Of mice and pirates

I had always understood patents to be about the mechanism of the device, not it’s effect. E.g., a particular mouse trap design, not the idea of catching mice.

But what do I know? Squeak blogger Torsten turned me on to this article about some courtroom pirates suing Apple over the User Interface in their latest operating system release. The original patent was for an old Xerox UI implemented in Interlisp-D, and now owned by a holding company.

Apple’s Tiger operating system isn’t implemented in Lisp. Do you suppose the lawyers are basing their argument on Greenspun’s Tenth Rule?

About Stearns

Howard Stearns works at High Fidelity, Inc., creating the metaverse.

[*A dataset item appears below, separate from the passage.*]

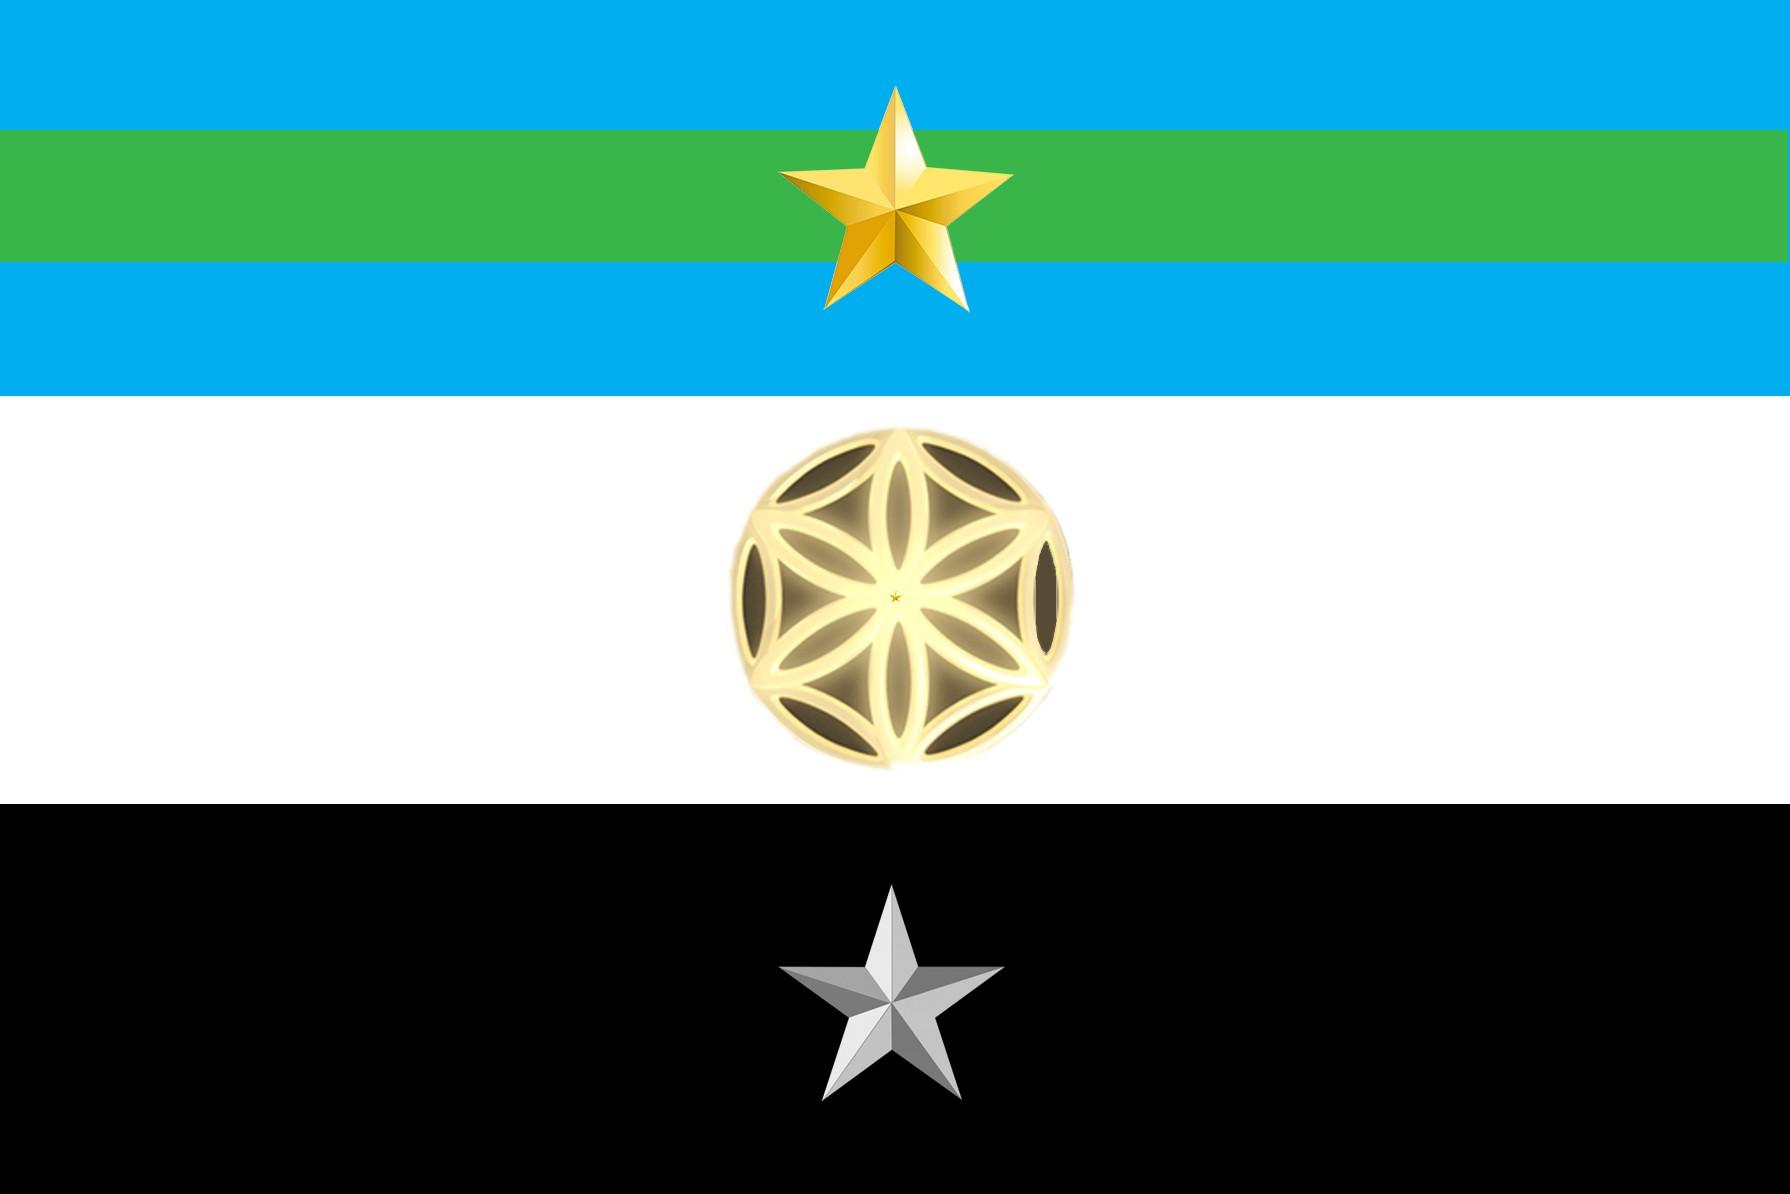 Portfolio des emblèmes de la nation Asgardia

Mr. Stearns has a quarter century experience in systems engineering, applications consulting, and management of advanced software technologies. He was the technical lead of University of Wisconsin's Croquet project, an ambitious project convened by computing pioneer Alan Kay to transform collaboration through 3D graphics and real-time, persistent shared spaces. The CAD integration products Mr. Stearns created for expert system pioneer ICAD set the market standard through IPO and acquisition by Oracle. The embedded systems he wrote helped transform the industrial diamond market. In the early 2000s, Mr. Stearns was named Technology Strategist for Curl, the only startup founded by WWW pioneer Tim Berners-Lee. An expert on programming languages and operating systems, Mr. Stearns created the Eclipse commercial Common Lisp programming implementation. Mr. Stearns has two degrees from M.I.T., and has directed family businesses in early childhood education and publishing.

One Comment

  1. Mark Schuldenfrei

    If I recall, Xerox PARC once litigated against Microsoft for the same thing – and won a huge settlement from them.